**Task prompt**
Reproduce the material that follows, please, but only from its first line to the line containing "PLASTICA PROTEZIONE MOTORE", inclusive.

**Study material**
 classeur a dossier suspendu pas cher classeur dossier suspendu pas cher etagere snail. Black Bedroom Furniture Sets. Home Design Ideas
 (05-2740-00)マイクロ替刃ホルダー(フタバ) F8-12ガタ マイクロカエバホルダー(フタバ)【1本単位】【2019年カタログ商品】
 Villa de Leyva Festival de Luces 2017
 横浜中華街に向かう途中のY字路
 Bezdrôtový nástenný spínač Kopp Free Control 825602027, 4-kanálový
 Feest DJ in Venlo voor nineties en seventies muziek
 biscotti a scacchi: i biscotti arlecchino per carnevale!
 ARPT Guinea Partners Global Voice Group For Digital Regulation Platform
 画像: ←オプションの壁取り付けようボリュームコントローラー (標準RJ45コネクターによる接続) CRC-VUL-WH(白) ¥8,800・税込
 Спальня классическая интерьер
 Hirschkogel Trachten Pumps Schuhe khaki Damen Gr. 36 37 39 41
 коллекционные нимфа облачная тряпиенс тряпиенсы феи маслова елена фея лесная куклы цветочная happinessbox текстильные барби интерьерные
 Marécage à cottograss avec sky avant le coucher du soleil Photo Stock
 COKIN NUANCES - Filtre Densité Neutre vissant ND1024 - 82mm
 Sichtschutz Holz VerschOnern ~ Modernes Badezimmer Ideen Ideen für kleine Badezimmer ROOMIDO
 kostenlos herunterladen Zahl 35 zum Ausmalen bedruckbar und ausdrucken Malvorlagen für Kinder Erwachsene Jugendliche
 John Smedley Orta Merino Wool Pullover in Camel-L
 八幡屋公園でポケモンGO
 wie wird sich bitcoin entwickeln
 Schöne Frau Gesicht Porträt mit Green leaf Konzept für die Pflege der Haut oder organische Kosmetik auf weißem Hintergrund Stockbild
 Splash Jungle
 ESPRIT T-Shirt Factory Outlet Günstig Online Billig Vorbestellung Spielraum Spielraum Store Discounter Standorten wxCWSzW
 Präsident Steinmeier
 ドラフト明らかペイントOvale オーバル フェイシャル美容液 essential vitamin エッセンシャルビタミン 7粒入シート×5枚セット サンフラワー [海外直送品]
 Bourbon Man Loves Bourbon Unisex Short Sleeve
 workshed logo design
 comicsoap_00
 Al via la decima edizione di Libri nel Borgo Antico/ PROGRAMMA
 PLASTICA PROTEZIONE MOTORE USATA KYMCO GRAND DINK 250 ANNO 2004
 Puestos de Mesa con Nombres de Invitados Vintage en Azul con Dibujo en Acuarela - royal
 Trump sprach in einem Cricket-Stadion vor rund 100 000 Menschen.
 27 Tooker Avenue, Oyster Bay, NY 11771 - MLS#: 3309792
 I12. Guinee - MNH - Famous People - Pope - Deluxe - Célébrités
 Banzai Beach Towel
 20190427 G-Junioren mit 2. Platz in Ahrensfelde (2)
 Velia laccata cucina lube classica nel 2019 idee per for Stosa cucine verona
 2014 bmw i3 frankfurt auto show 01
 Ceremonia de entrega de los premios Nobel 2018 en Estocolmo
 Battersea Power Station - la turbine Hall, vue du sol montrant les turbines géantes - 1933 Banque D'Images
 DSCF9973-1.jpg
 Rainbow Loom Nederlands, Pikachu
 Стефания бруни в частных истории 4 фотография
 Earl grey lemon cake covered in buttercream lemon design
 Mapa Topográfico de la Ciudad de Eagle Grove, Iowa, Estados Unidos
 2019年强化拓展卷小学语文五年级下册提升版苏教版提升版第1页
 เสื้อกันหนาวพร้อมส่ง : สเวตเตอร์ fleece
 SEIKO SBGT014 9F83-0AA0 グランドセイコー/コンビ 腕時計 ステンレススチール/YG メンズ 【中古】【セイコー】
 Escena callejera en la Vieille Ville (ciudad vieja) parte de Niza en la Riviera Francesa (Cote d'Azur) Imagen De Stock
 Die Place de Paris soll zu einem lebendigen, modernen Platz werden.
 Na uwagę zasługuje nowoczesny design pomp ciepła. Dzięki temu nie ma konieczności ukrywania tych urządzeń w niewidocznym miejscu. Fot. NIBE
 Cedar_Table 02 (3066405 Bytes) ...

**Answer space**
 classeur a dossier suspendu pas cher classeur dossier suspendu pas cher etagere snail. Black Bedroom Furniture Sets. Home Design Ideas
 (05-2740-00)マイクロ替刃ホルダー(フタバ) F8-12ガタ マイクロカエバホルダー(フタバ)【1本単位】【2019年カタログ商品】
 Villa de Leyva Festival de Luces 2017
 横浜中華街に向かう途中のY字路
 Bezdrôtový nástenný spínač Kopp Free Control 825602027, 4-kanálový
 Feest DJ in Venlo voor nineties en seventies muziek
 biscotti a scacchi: i biscotti arlecchino per carnevale!
 ARPT Guinea Partners Global Voice Group For Digital Regulation Platform
 画像: ←オプションの壁取り付けようボリュームコントローラー (標準RJ45コネクターによる接続) CRC-VUL-WH(白) ¥8,800・税込
 Спальня классическая интерьер
 Hirschkogel Trachten Pumps Schuhe khaki Damen Gr. 36 37 39 41
 коллекционные нимфа облачная тряпиенс тряпиенсы феи маслова елена фея лесная куклы цветочная happinessbox текстильные барби интерьерные
 Marécage à cottograss avec sky avant le coucher du soleil Photo Stock
 COKIN NUANCES - Filtre Densité Neutre vissant ND1024 - 82mm
 Sichtschutz Holz VerschOnern ~ Modernes Badezimmer Ideen Ideen für kleine Badezimmer ROOMIDO
 kostenlos herunterladen Zahl 35 zum Ausmalen bedruckbar und ausdrucken Malvorlagen für Kinder Erwachsene Jugendliche
 John Smedley Orta Merino Wool Pullover in Camel-L
 八幡屋公園でポケモンGO
 wie wird sich bitcoin entwickeln
 Schöne Frau Gesicht Porträt mit Green leaf Konzept für die Pflege der Haut oder organische Kosmetik auf weißem Hintergrund Stockbild
 Splash Jungle
 ESPRIT T-Shirt Factory Outlet Günstig Online Billig Vorbestellung Spielraum Spielraum Store Discounter Standorten wxCWSzW
 Präsident Steinmeier
 ドラフト明らかペイントOvale オーバル フェイシャル美容液 essential vitamin エッセンシャルビタミン 7粒入シート×5枚セット サンフラワー [海外直送品]
 Bourbon Man Loves Bourbon Unisex Short Sleeve
 workshed logo design
 comicsoap_00
 Al via la decima edizione di Libri nel Borgo Antico/ PROGRAMMA
 PLASTICA PROTEZIONE MOTORE USATA KYMCO GRAND DINK 250 ANNO 2004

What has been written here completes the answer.